For this exercise, return only the lines in the records below from the one holding "offer_target_offering" through the one holding "Опубликована карта предполагаемой", including both, exactly as they appear and without pictures.

_Exercise input:_
┌──
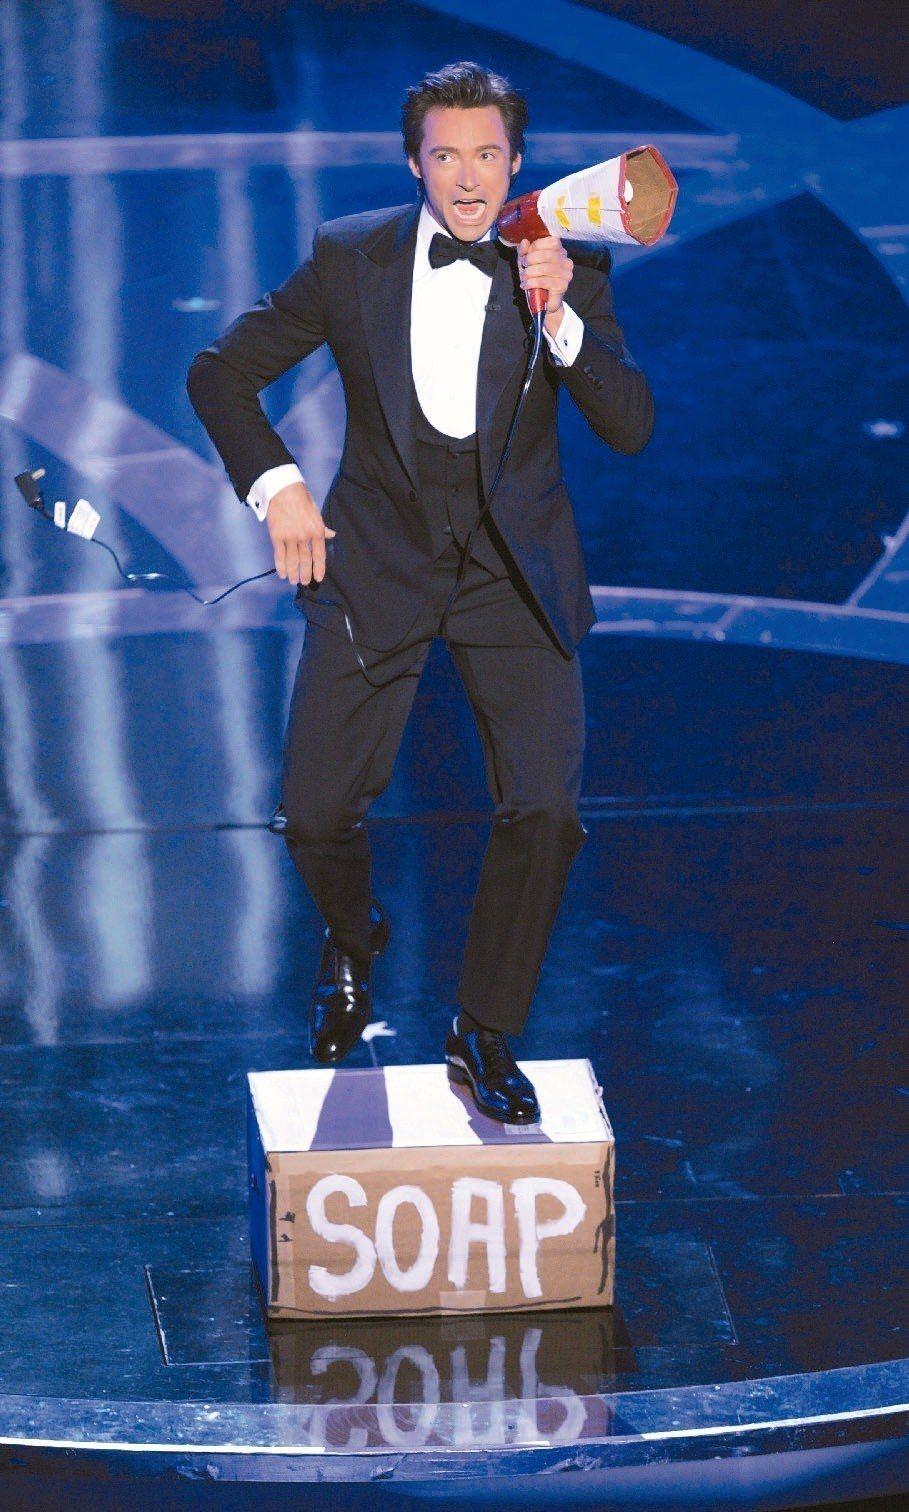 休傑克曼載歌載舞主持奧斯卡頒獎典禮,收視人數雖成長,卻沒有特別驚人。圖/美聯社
└──
┌──
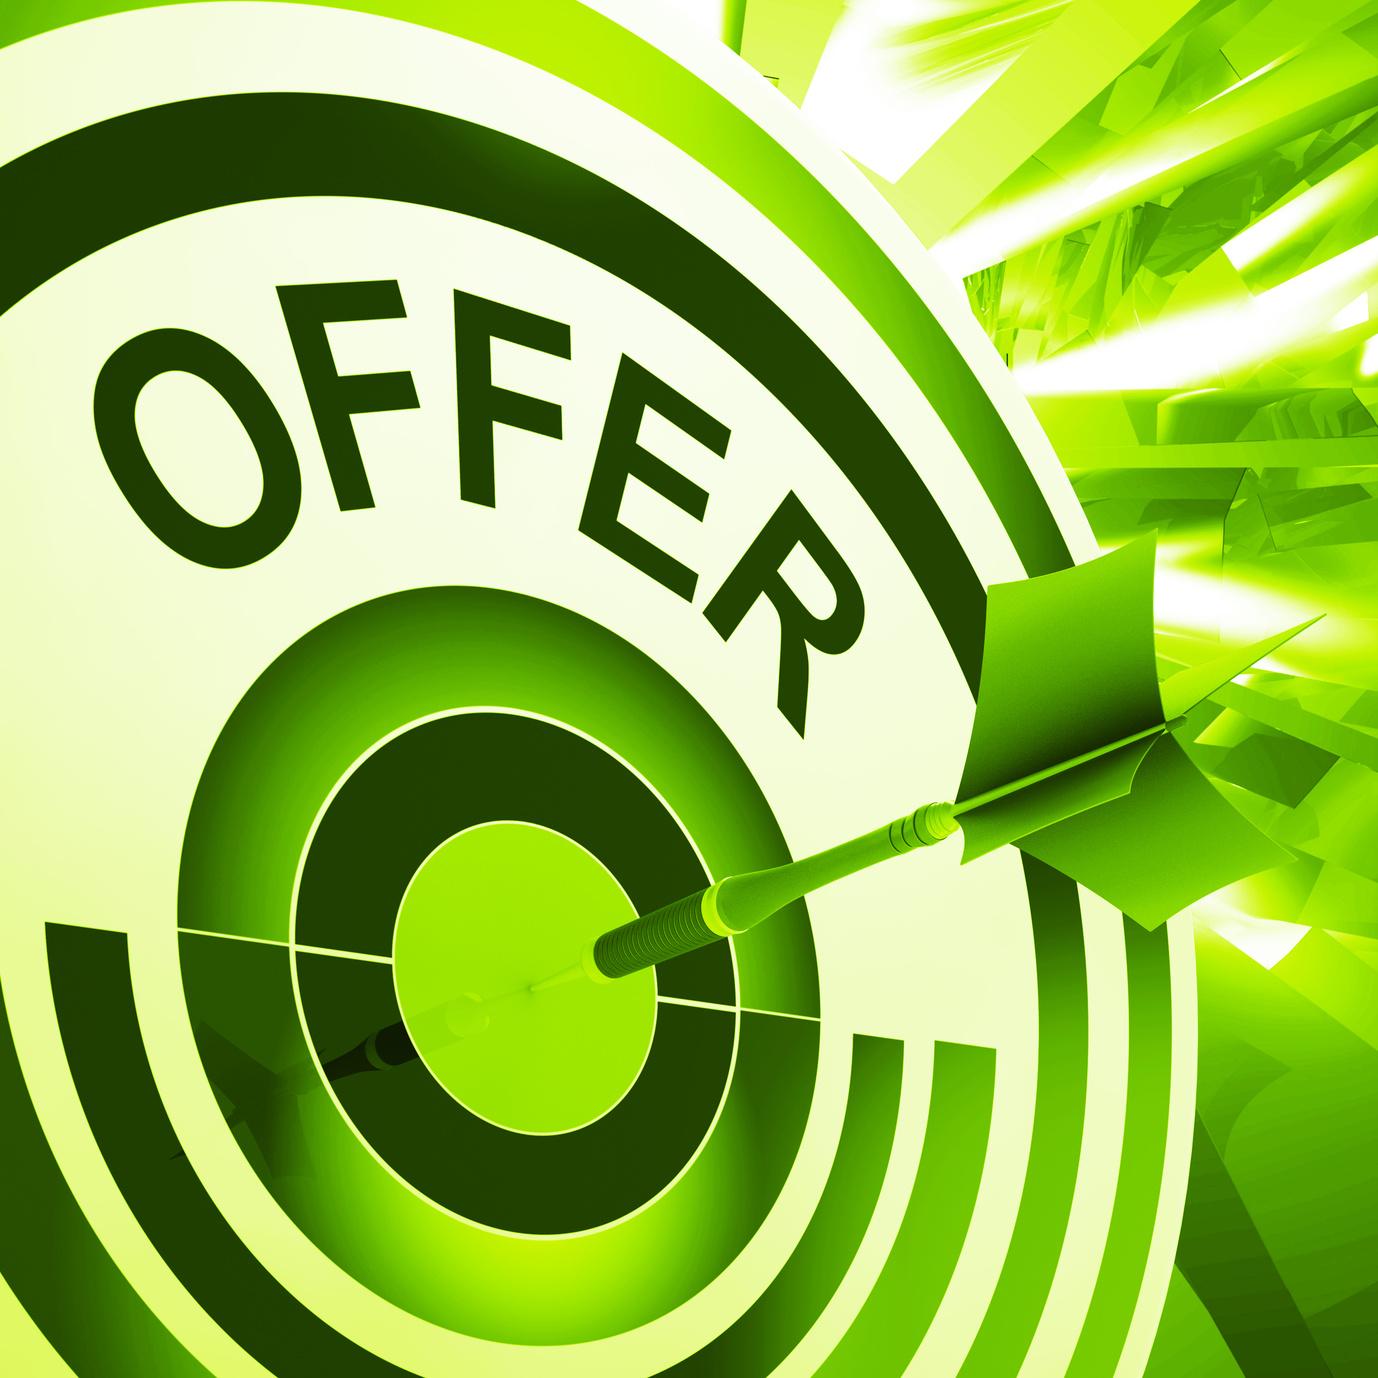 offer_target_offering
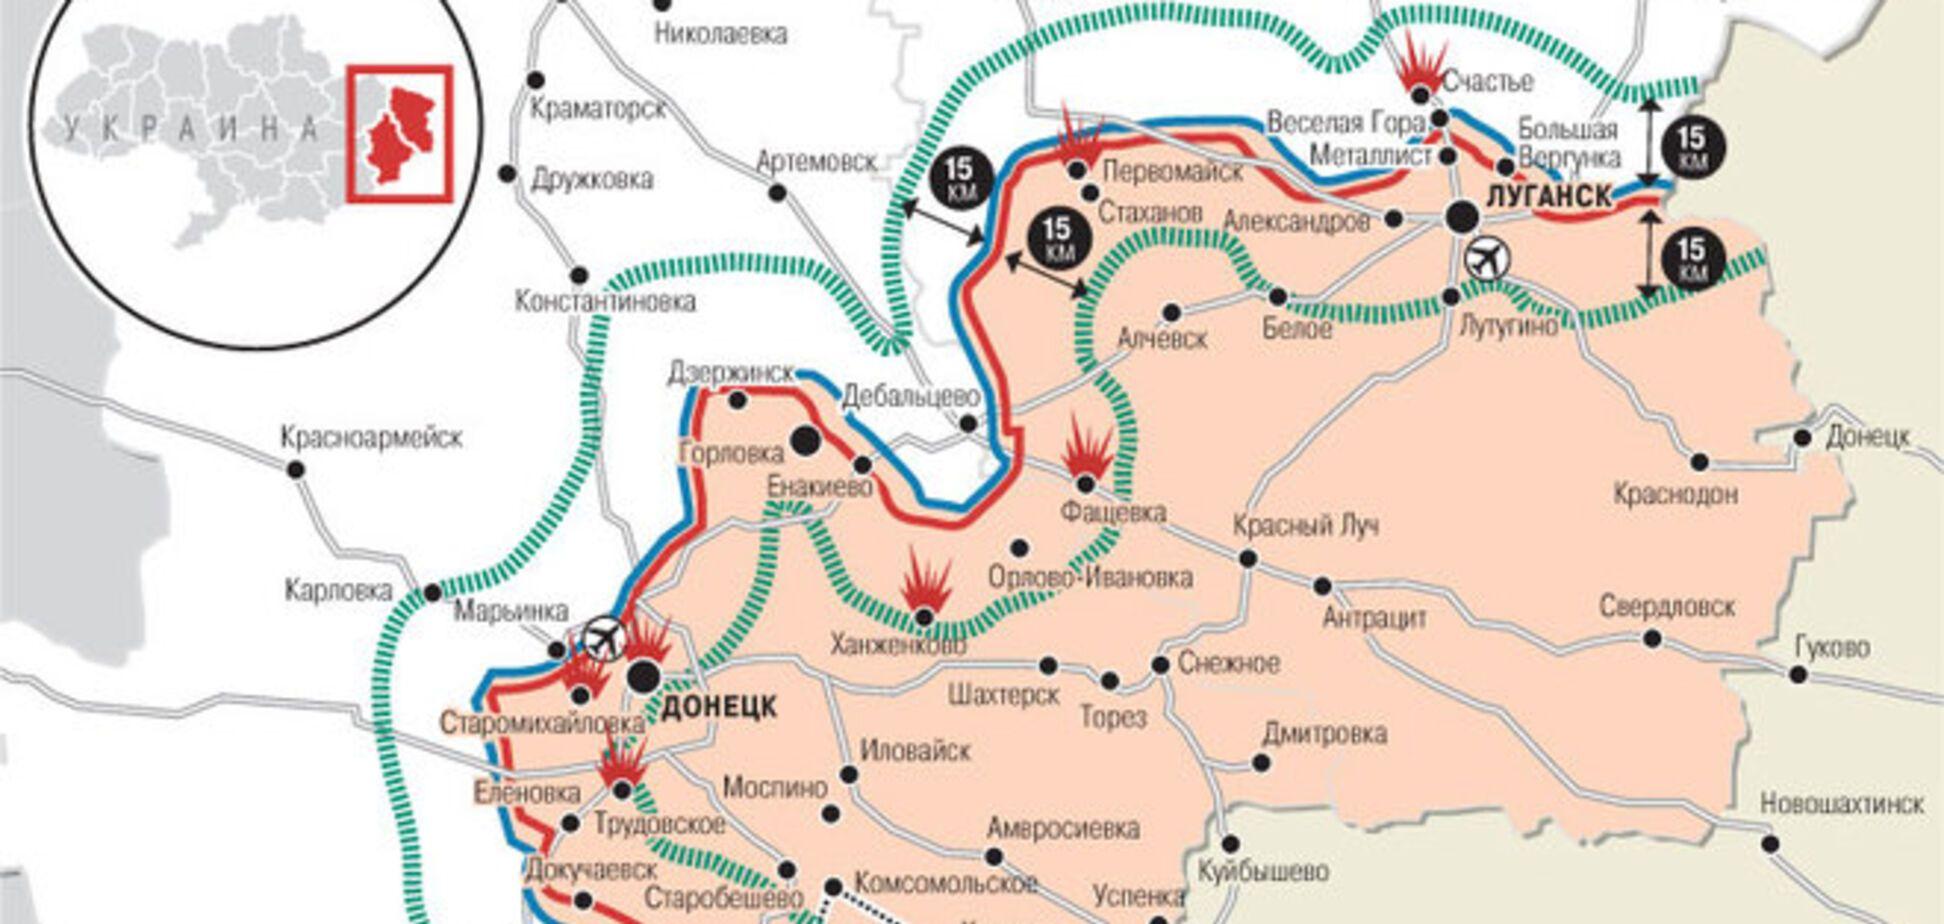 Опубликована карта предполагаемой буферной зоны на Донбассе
└──
_Answer to this task:_
 offer_target_offering
 Опубликована карта предполагаемой буферной зоны на Донбассе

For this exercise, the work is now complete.